A nonresident alien is an individual who is not a citizen or resident of the United States. If you are a nonresident
alien, the rules discussed in
this publication do not apply to you. Instead, 85% of your benefits are taxed at a 30% rate, unless exempt (or subject to
a lower rate) by treaty. You
will receive a Form SSA-1042S or Form RRB-1042S showing the amount of your benefits. These forms will also show the tax rate
and the amount of tax
withheld from your benefits.
Under tax treaties with the following countries, residents of these countries are exempt from U.S. tax on their benefits.
-
Canada.
-
Egypt.
-
Germany.
-
Ireland.
-
Israel.
-
Italy.
-
Japan.
-
Romania.
-
United Kingdom.
Under a treaty with India, benefits paid to individuals who are both residents and nationals of India are exempt from
U.S. tax if the benefits are
for services performed for the United States, its subdivisions, or local government authorities.
If you are a resident of Switzerland, your total benefit amount will be taxed at a 15% rate.

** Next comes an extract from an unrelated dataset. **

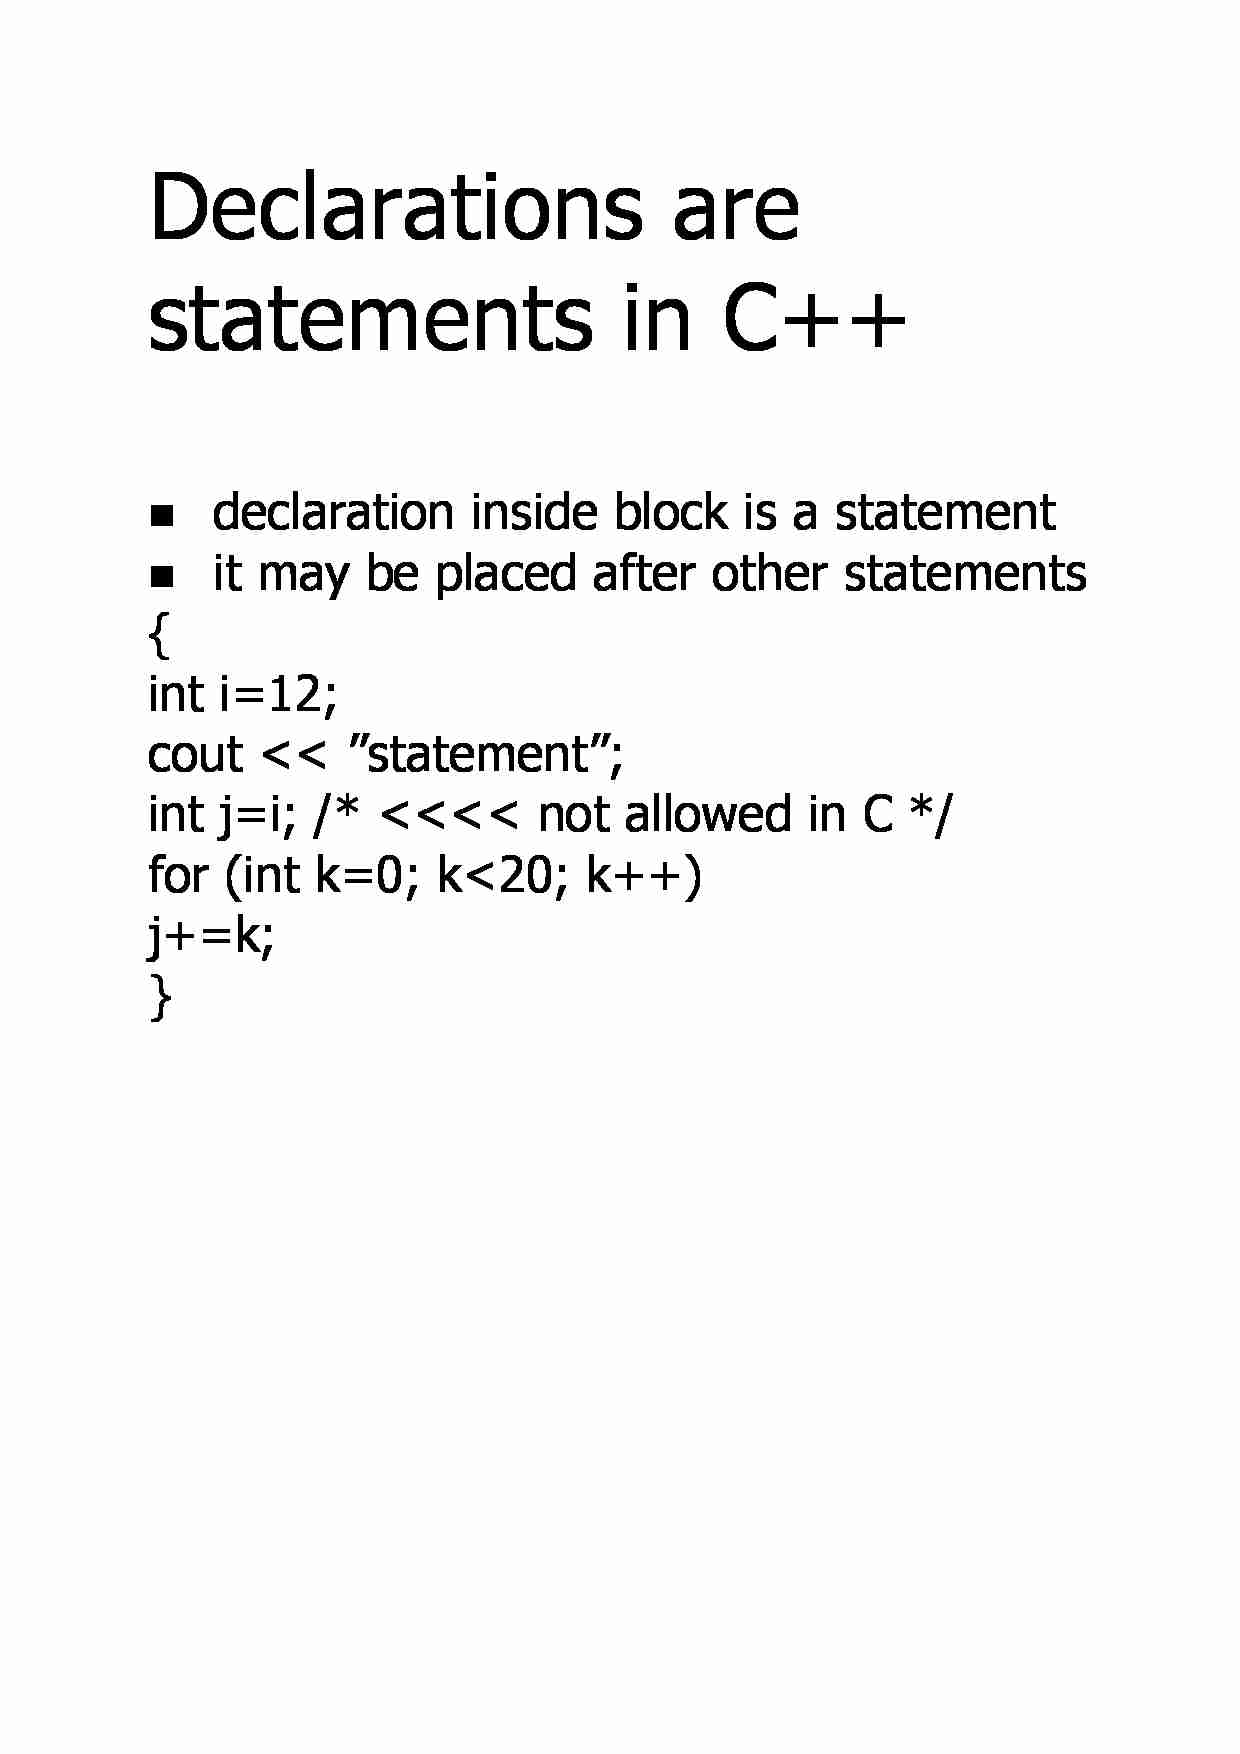 Declarations are statements in C++ - strona 1

For more information on whether you are a nonresident alien, get Publication 519, U.S. Tax Guide for Aliens.
Exemption from withholding.
If your social security benefits are exempt from tax because you are a resident of one of the treaty countries listed,
the SSA will not withhold
U.S. tax from your benefits.
If your railroad retirement benefits are exempt from tax because you are a resident of one of the treaty countries
listed, you can claim an
exemption from withholding by filing Form RRB-1001 with the RRB. Contact the RRB to get this form.
Canadian or German social security benefits paid to U.S. residents.
Under income tax treaties with Canada and Germany, social security benefits paid by those countries to U.S. residents
are treated for U.S. income
tax purposes as if they were paid under the social security legislation of the United States. If you receive social security
benefits from Canada or
Germany, include them on line 1 of Worksheet 1, shown later.
How To Report Your Benefits
If part of your benefits are taxable, you must use Form 1040 or Form 1040A. You cannot use Form 1040EZ.
Reporting on Form 1040.
Report your net benefits (the amount in box 5 of your Form SSA-1099 or Form RRB-1099) on line 20a and the taxable
part on line 20b. If you are
married filing separately and you lived apart from your spouse for all of 2004, also enter “ D” to the right of the word “ benefits” on line
20a.
Reporting on Form 1040A.
Report your net benefits (the amount in box 5 of your Form SSA-1099 or Form RRB-1099) on line 14a and the taxable
part on line 14b. If you are
married filing separately and you lived apart from your spouse for all of 2004, also enter “ D” to the right of the word “ benefits” on line
14a.
Benefits not taxable.
If none of your benefits are taxable, do not report any of them on your tax return. But if you are married filing
separately and you lived apart
from your spouse for all of 2004, make the following entries. On Form 1040, enter “ D” to the right of the word “ benefits” on line 20a and
“ -0-” on line 20b. On Form 1040A, enter “ D” to the right of the word “ benefits” on line 14a and “ -0-” on line 14b.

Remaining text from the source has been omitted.